Classification of privacy preserving techniques in LBS:

  1. Policy-based privacy preserving technique(such as P3P);
  2. Fuzzification-based privacy preserving technique(such as Pseudonym, Dummy, Location Cloaking, space-transformation);
  3. Cryptography-based privacy preserving technique(such as PIR, HilCloak);
  • Pseudonym breaks the mapping between the user identity and the location in this case that an untrusted server only receives the location without the user identity[3]. There are diverse types of the pseudonym of a user, like the user's username, or inferable content of the IP address. All of them can be viewed to reveal some information of the user's true identity. Permanent pseudonyms can link user's queries and then enabling re-identification, while most of the pseudonym is dynamically changeable. However, such a technique is limited to those location based services that do not require the user’s identity. In particular, the lack of user identity makes the billing of these services impossible.
  • Dummy[3] generates fake user locations(called dummies) and mixes them together with the genuine user location into the request. While server can detect the genuine user location from dummies by checking the long-time movement patterns of a user. Ghinita et al. introduced a new frame based on PIR that partitions the space into grid cells for which the user can request for the detailed content of each cell. The user can receive the exact content of the cell as well as hide some information of the requested cells. The scheme ensures the zero-disclosure of information from the user to the server with a highly cost. While the scheme needs to adopt a large amount of modulus bits to calculation for PIR's security, which incurs significant overhead in terms of both computational and communication costs, compared with location cloaking techniques.
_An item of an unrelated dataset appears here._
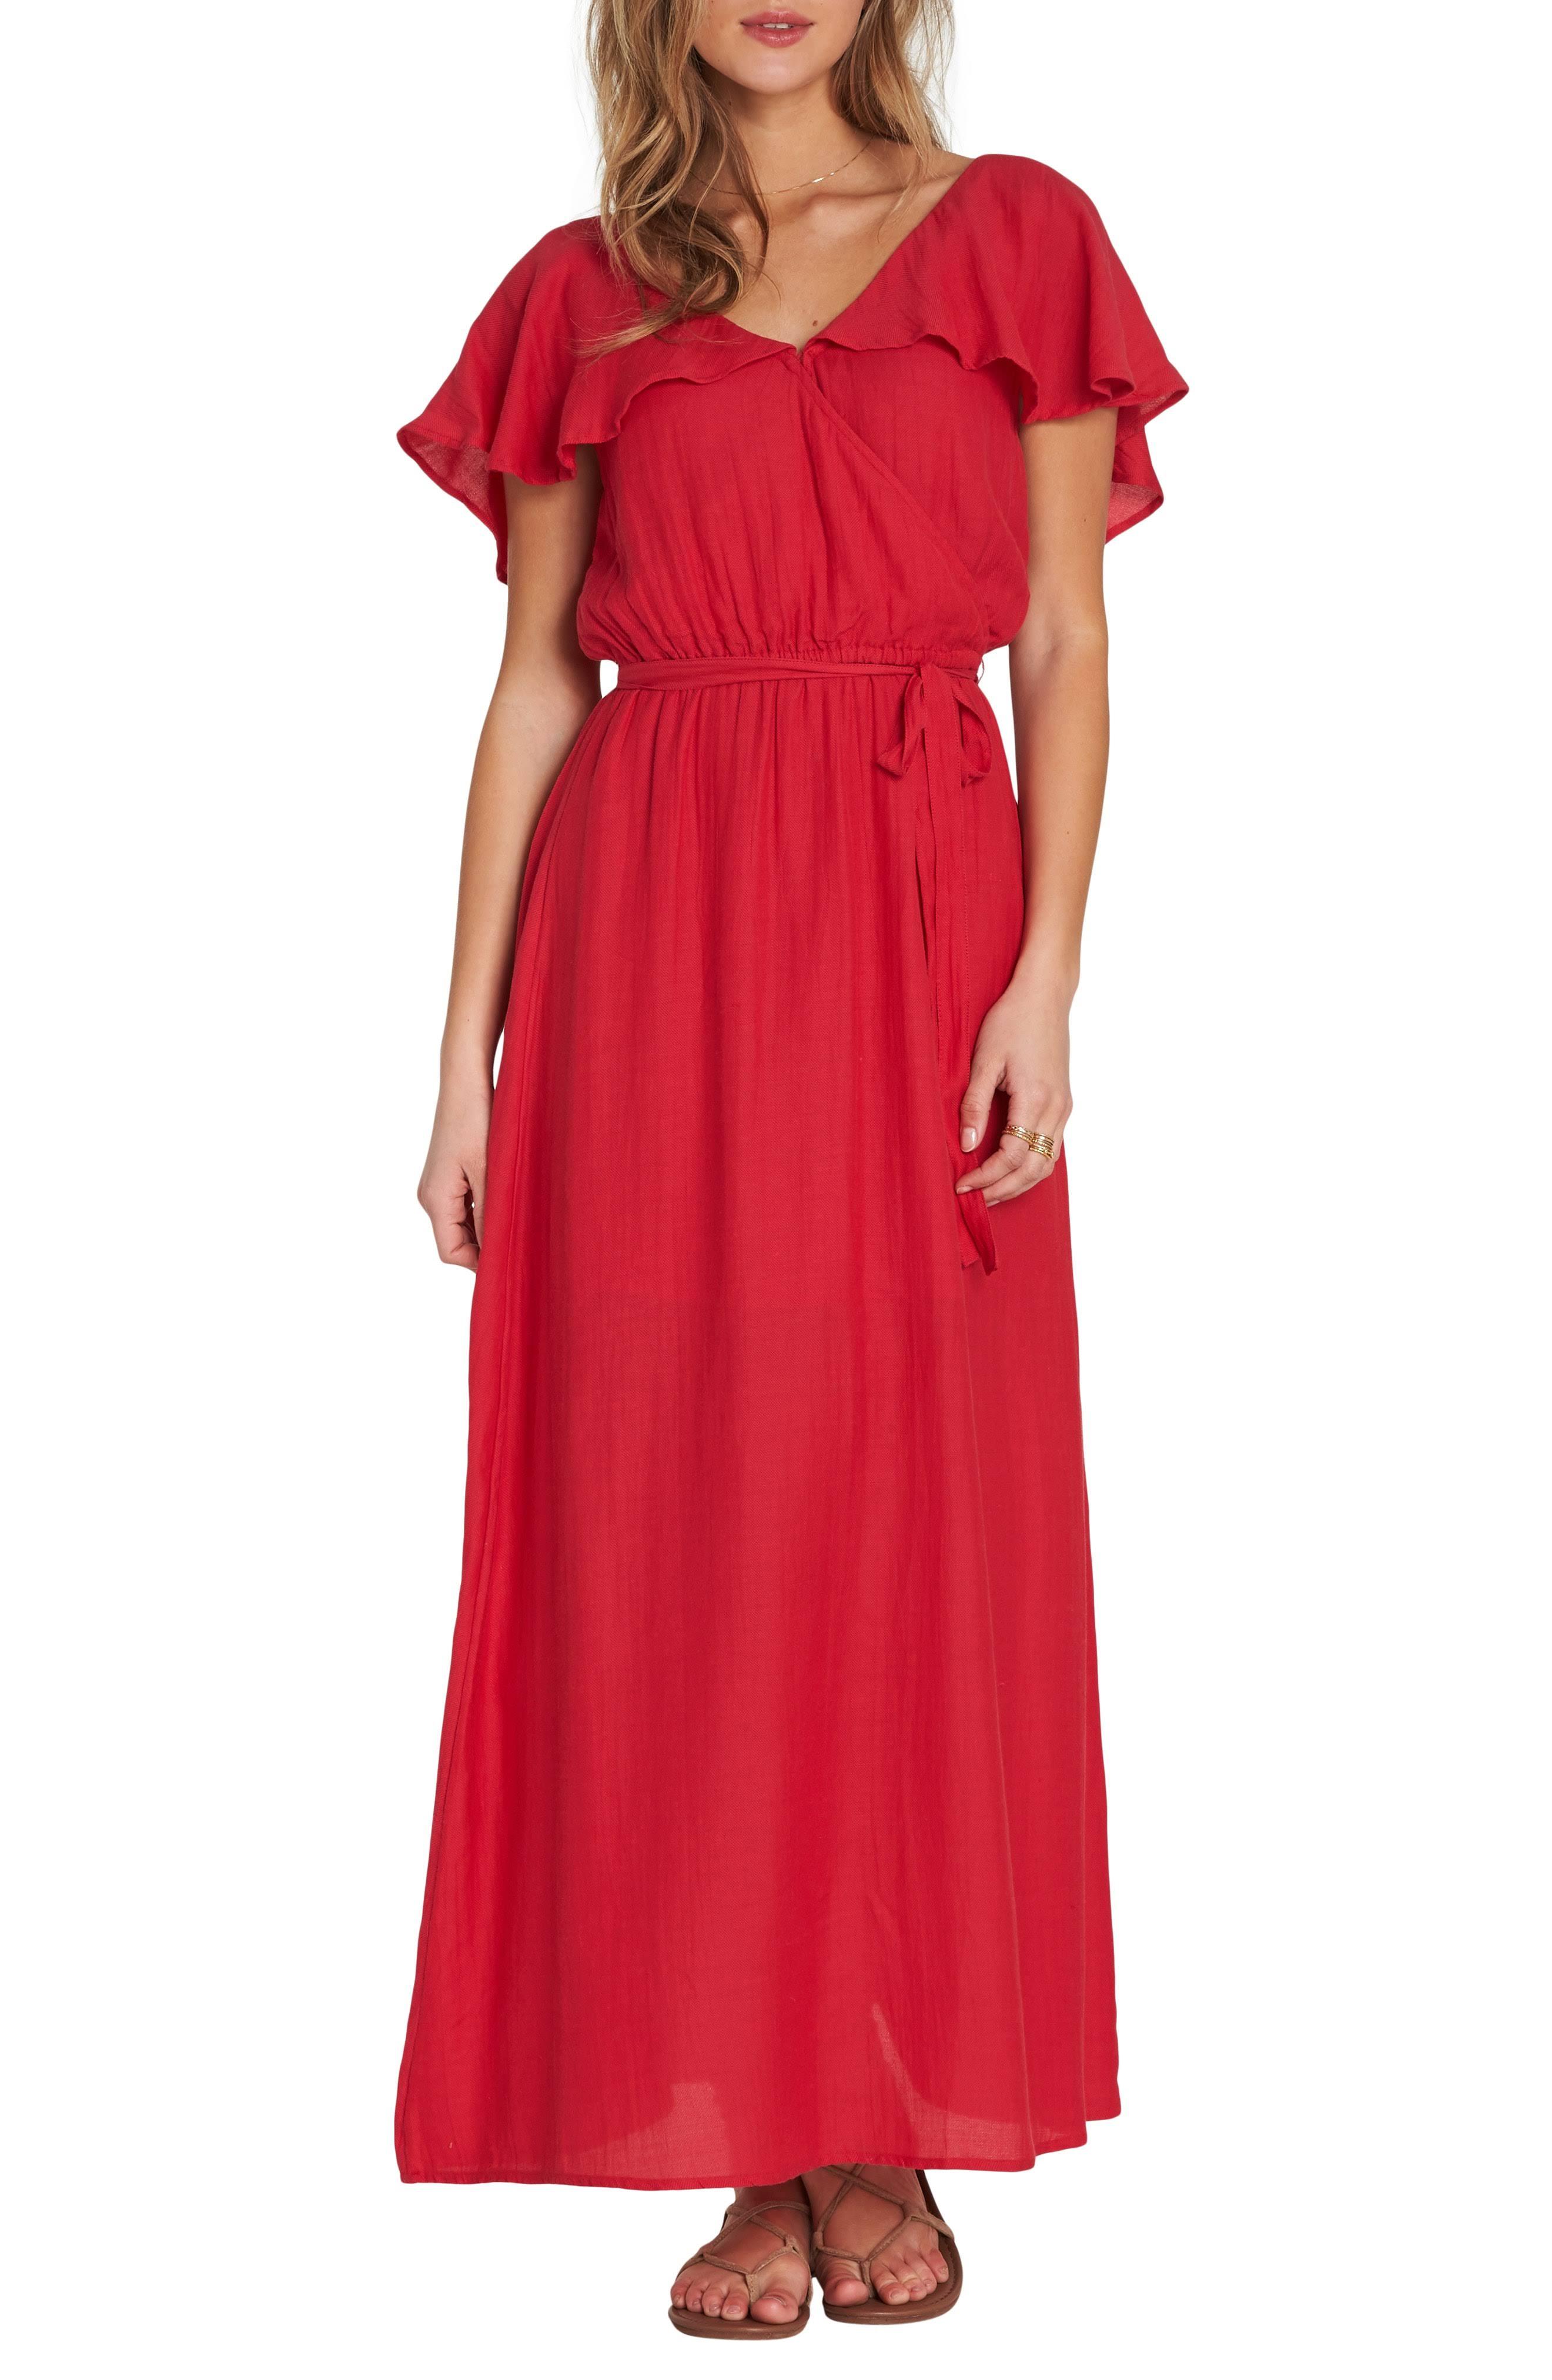 Para Dance Largo All Night Granate Vestido Knit Mujer Xs Billabong xSwqYdX5S

So large datasets environments, this schemes becomes too costly to requesting the whole dataset.
  • Location Cloaking is aimed at blurring the user locations when they request for location-based services. The main idea is to extend the user's accurate location into a cloaked region according to some privacy metric such as Cloaking granularity or K-anonymity[4]. The area of the Cloaking granularity should be larger than the user's specified threshold value; In order to protect a user’s location privacy using k-anonymity, each of her queries must be indistinguishable from that of at least k − 1 other users, and to extend the user's location to a cloaked region so that each cloaked region should cover at least k users. The k-anonymity privacy metrics is very popular because of its simplicity. Many research has been focusing on how to reduce the cost of the query fuzzification as well as how to improve the working efficiency of k-anonymity, by extending the fuzzification method to protect traces like location privacy at the macroscopic level, or utilizing k-anonymity in different conditions[10]. There are two approaches to implement Cloaking/Anonymity schemes: centralized approaches and decentralized approaches. The former utilized a trusted Central Anonymity Server (CAS) to act as cloaking/anonymity engine, cloaking/anonymity repository, and results refiner; the latter is to consider that the cloaking region is computed by a set of entities like the users themselves in a distributed manner. For example, they corporately play the role of the CAS.
  • Space-transformation adopted one-way space transformation to encode the user's location and POI(points of interest) into an encrypted space and can do the query evaluation in the transformed space, which maintains the distance features of the original space. Also, by receiving the transformed query results, user can also effectively reverse the transformation by using the trapdoor information. The trapdoor information is only provided to the user within the same group but it is unknown from the service provider. The elimination of the trusted third party "anonymizer" during the query processing is the key advantage of such a scheme over the existing k-anonymity and cloaking approaches.

Limitations of Cloaking and Anonymity techniques: For fuzzification-based privacy preserving, to address the location privacy issue, location k-anonymity and cloaking granularity are two commonly used privacy metrics. While the location k-anonymity protects the user identity out of k users, it may not be able to prevent the location disclosure (e.g., a cloaked region covering k users in populated areas could be very small). On the other hand, the cloaking granularity prevents the location disclosure but cannot defend against attacks for user identifies in the cases where user locations are publicly known and there is only one user in the cloaked region, as shown in Fig.3.

1. Many of the k-anonymity/cloaking approaches rely on a trusted third party to “anonymize" user's location which means all queries should involve the "anonymizer" during the regular operation of a system.

2. Either the QoS or overall system performance degrades significantly as user wish to have some more strict privacy preferences.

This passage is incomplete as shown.